### AVAILABLE DATA
· · · ·
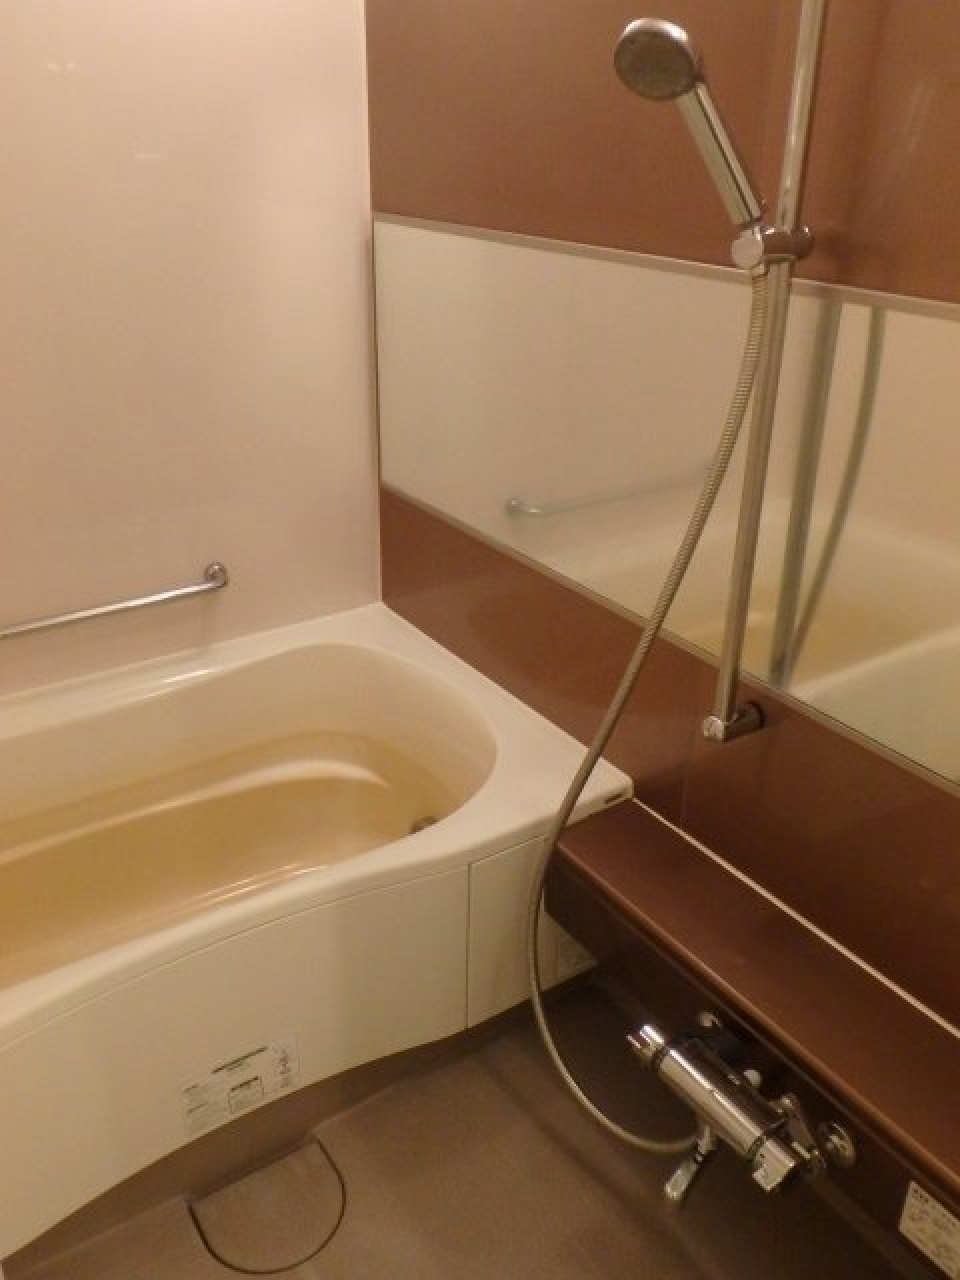 ナチュラルなパネルが導入された浴室です。
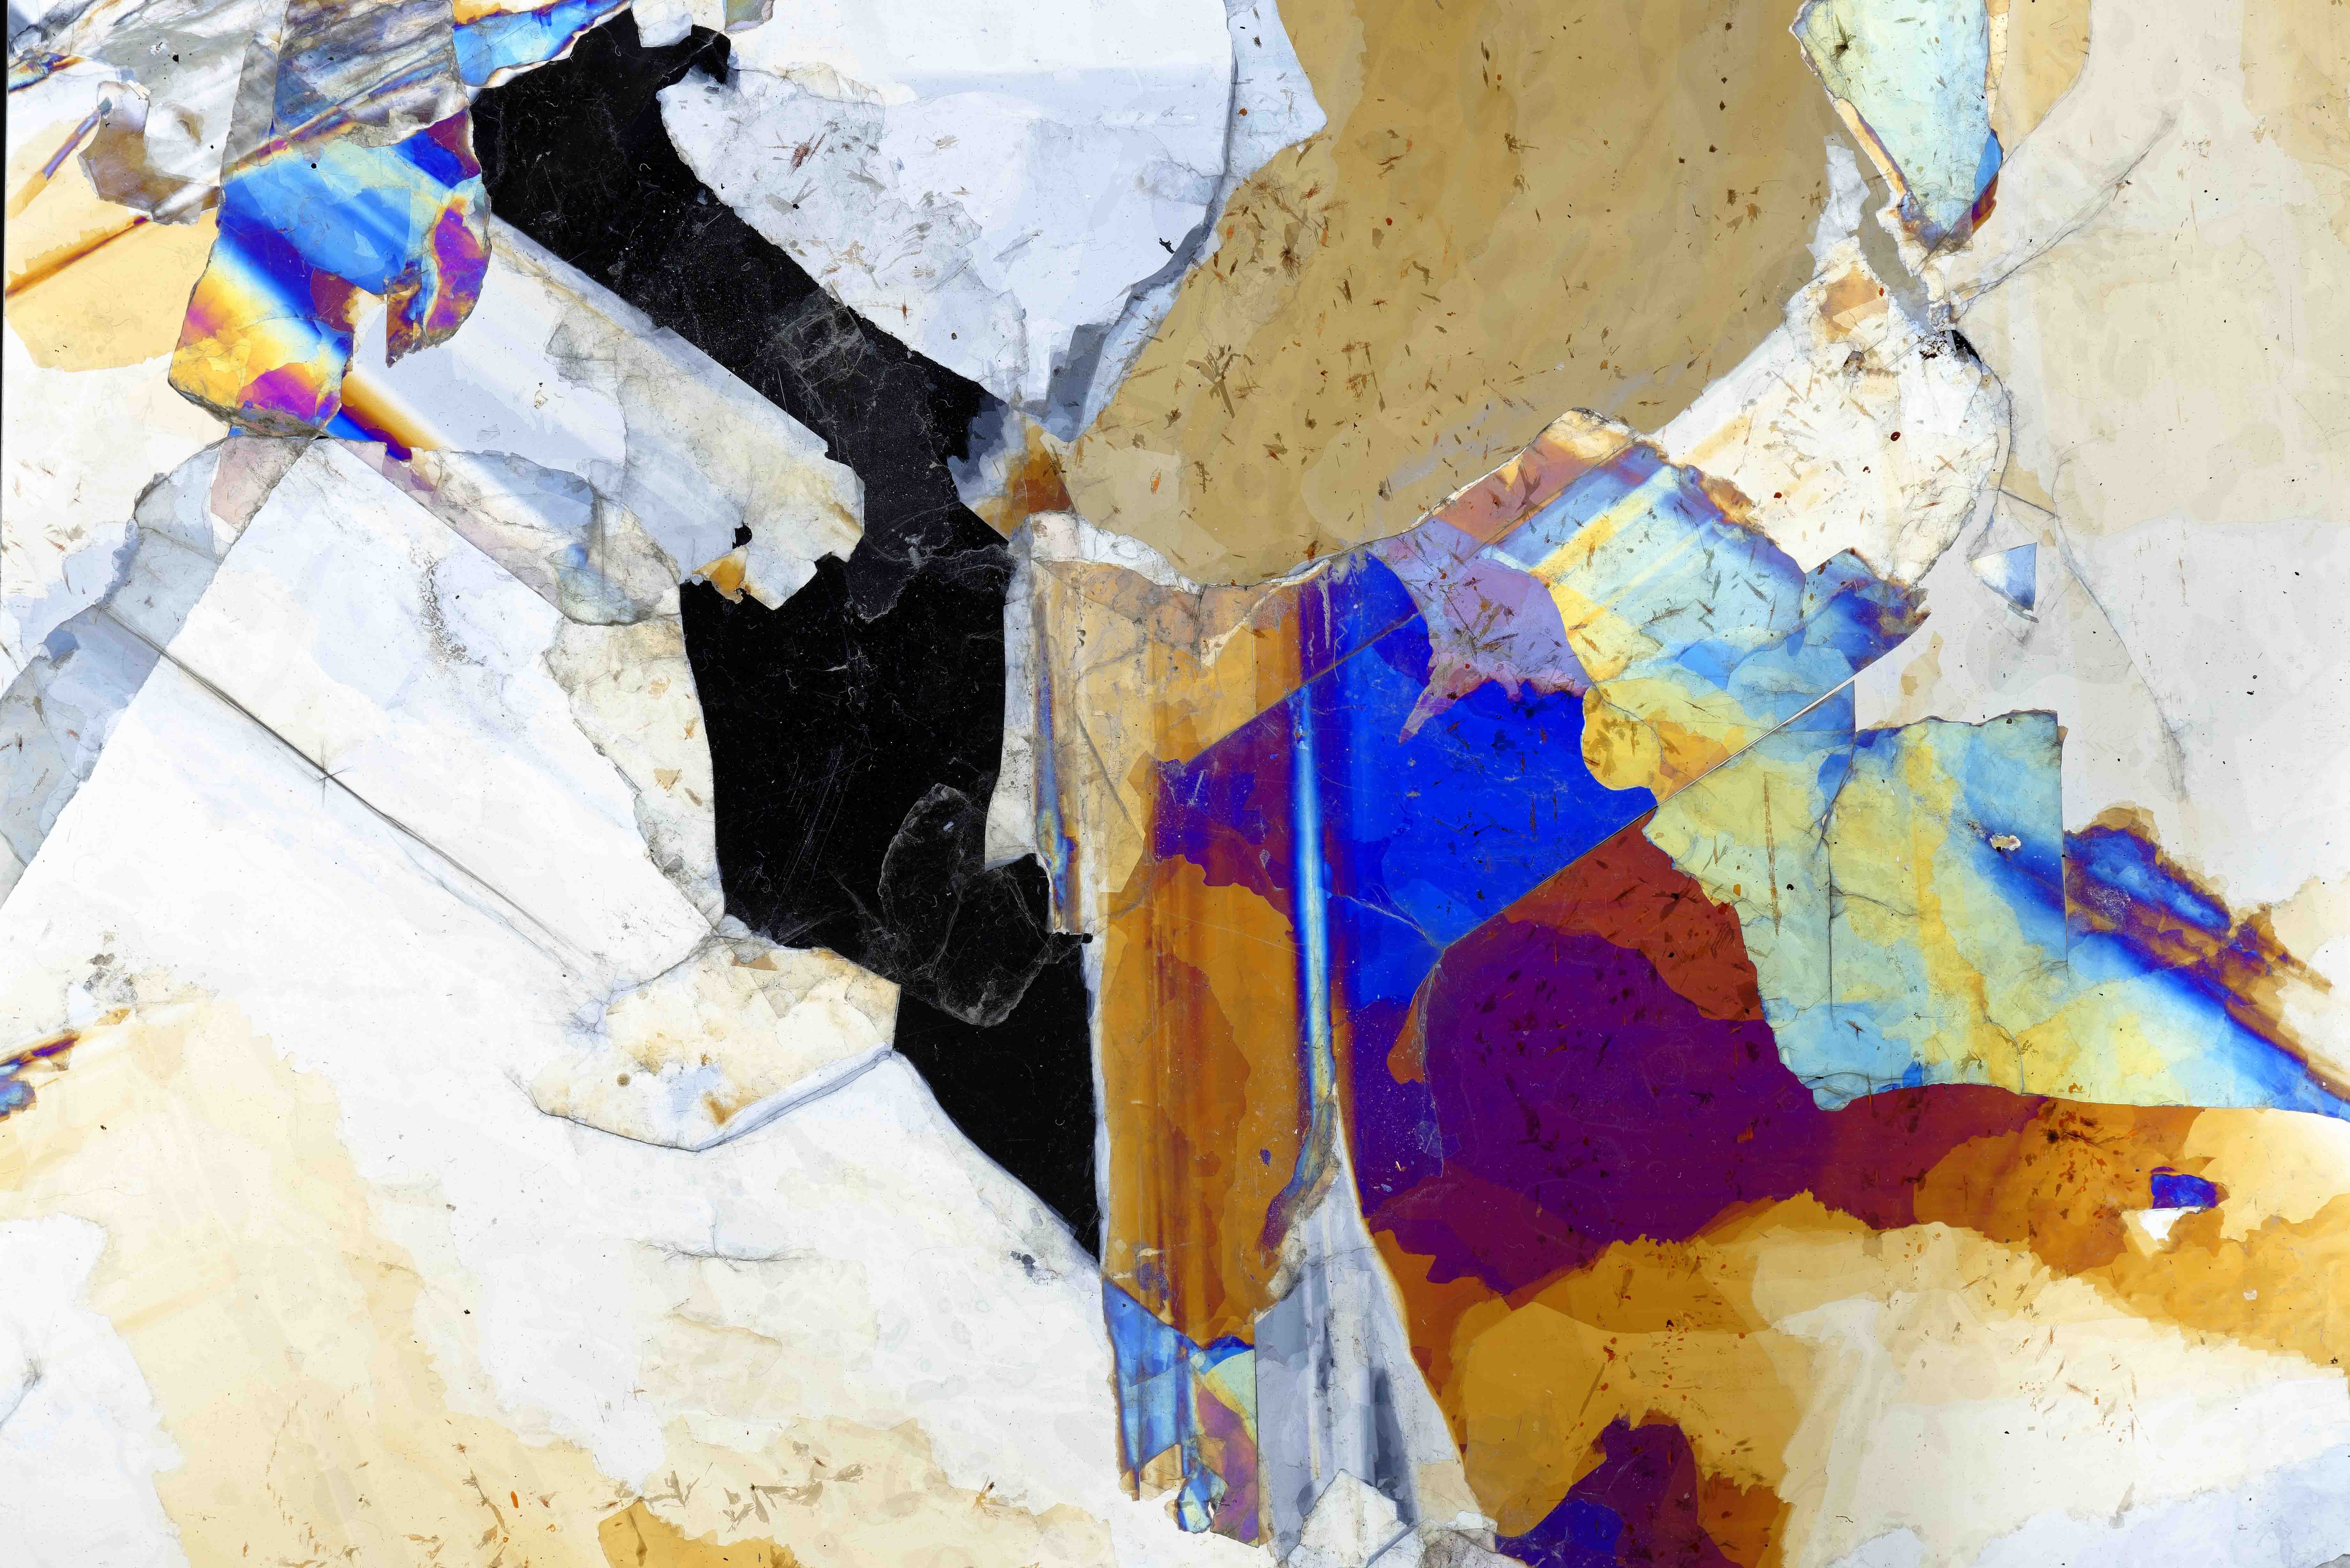 Détail d'une oeuvre de Léa Barbazanges faisant apparaître des cristaux en gros plan de couleurs différentes (bleu, marron, noir, jaune...)
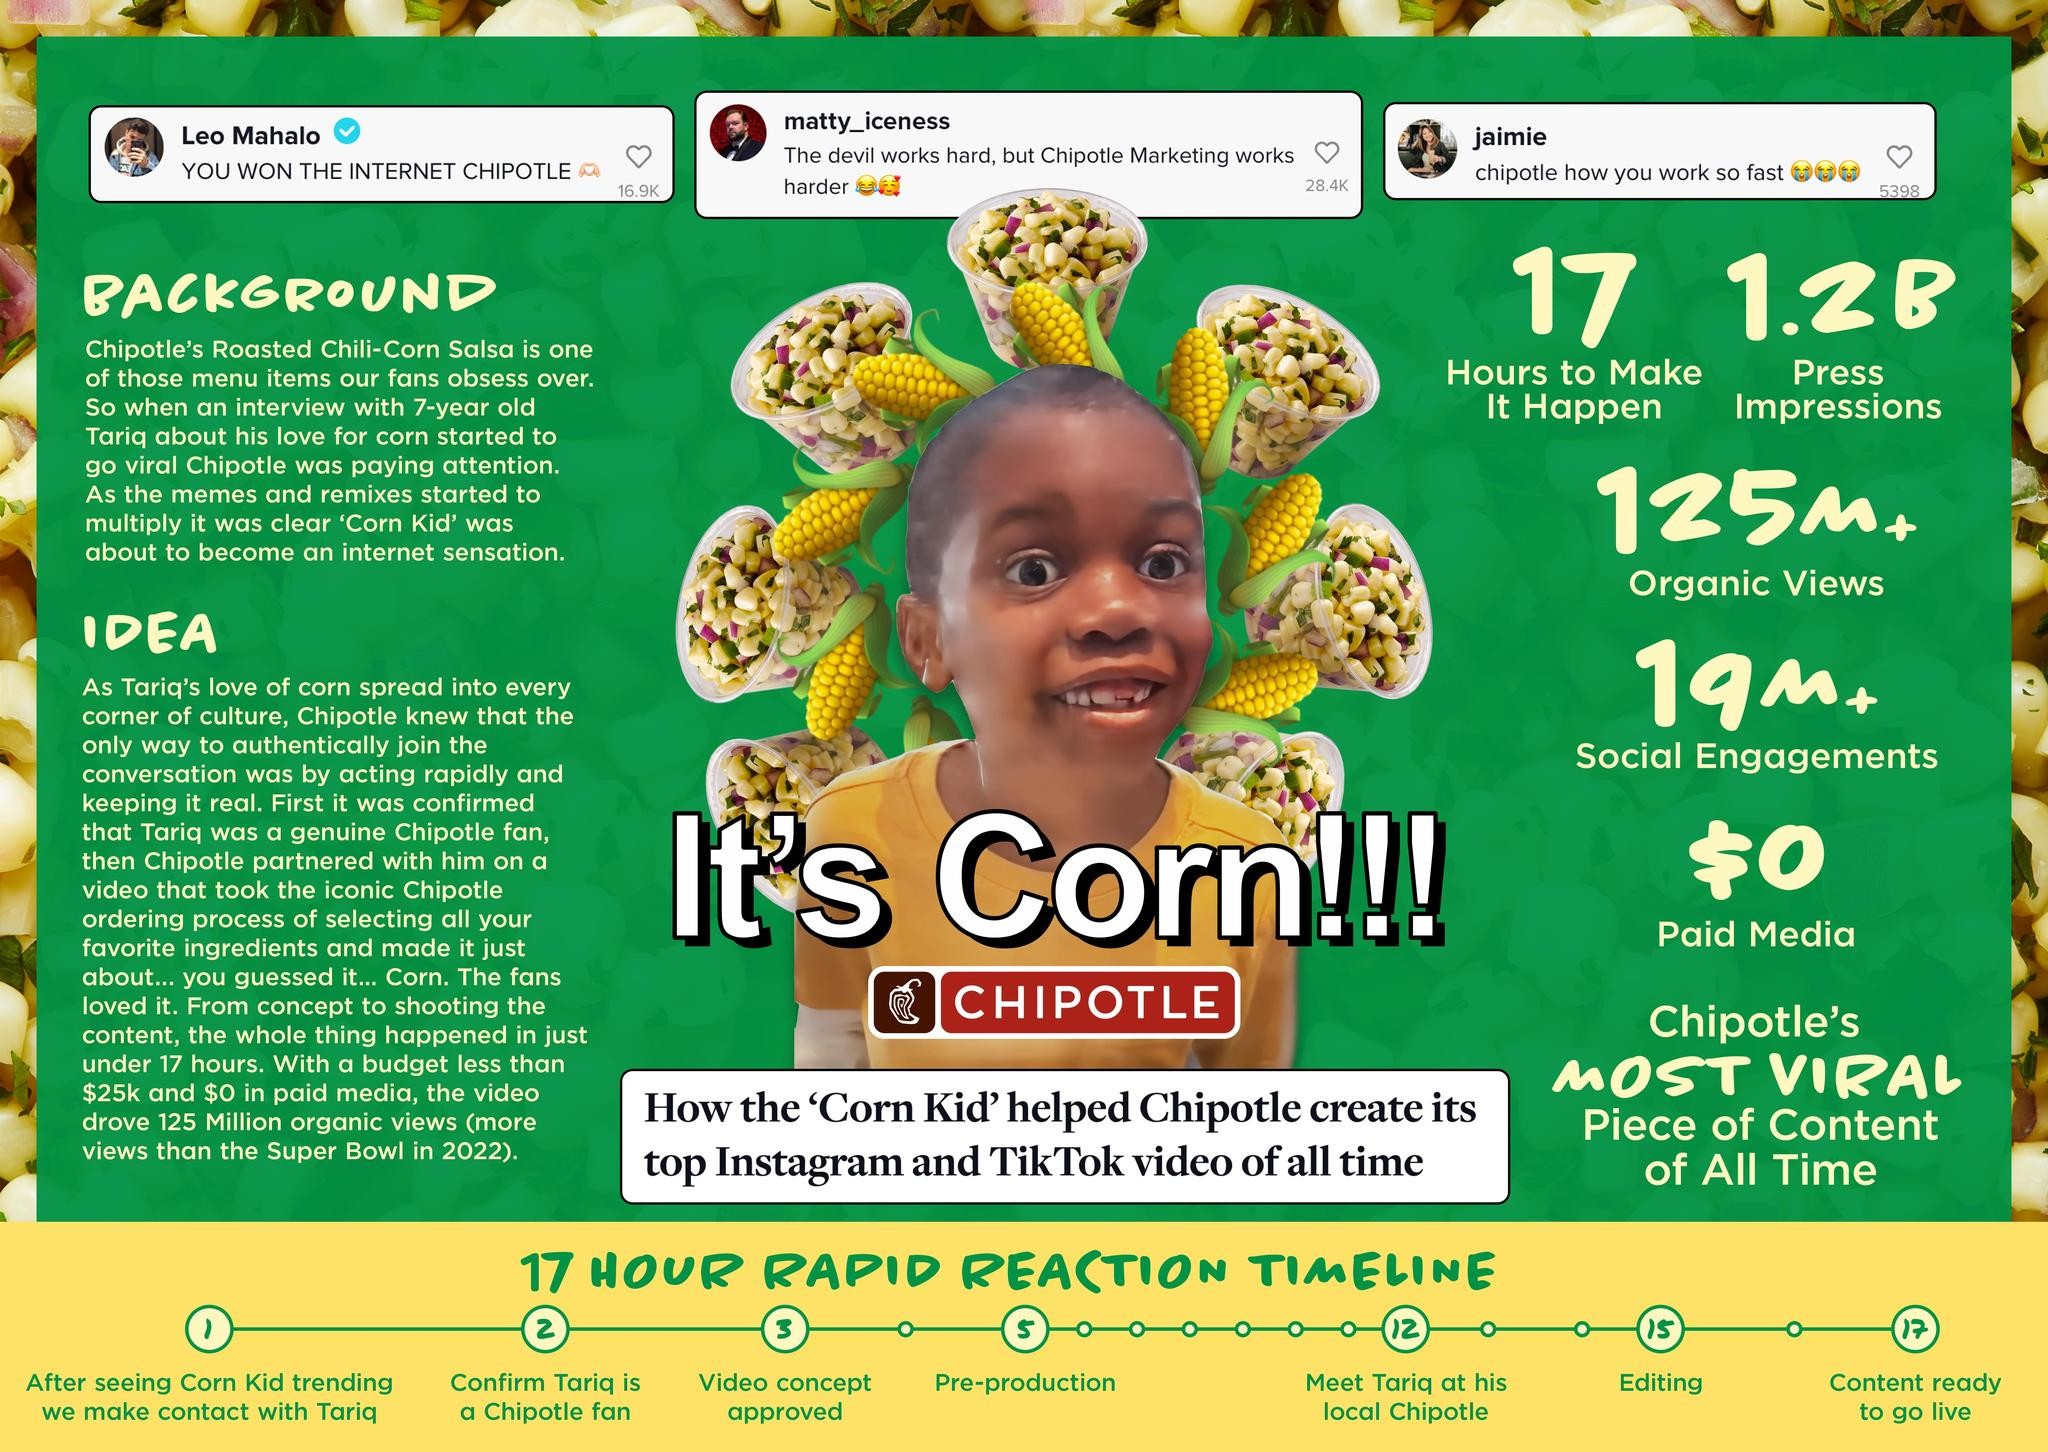 Chipotle - It's Corn
· · · ·
### PROBLEM DESCRIPTION
Before you finish, make sure every line above has been repeated exactly and no picture remains in the copy.

### ANSWER TO THIS PROBLEM
 ナチュラルなパネルが導入された浴室です。
 Détail d'une oeuvre de Léa Barbazanges faisant apparaître des cristaux en gros plan de couleurs différentes (bleu, marron, noir, jaune...)
 Chipotle - It's Corn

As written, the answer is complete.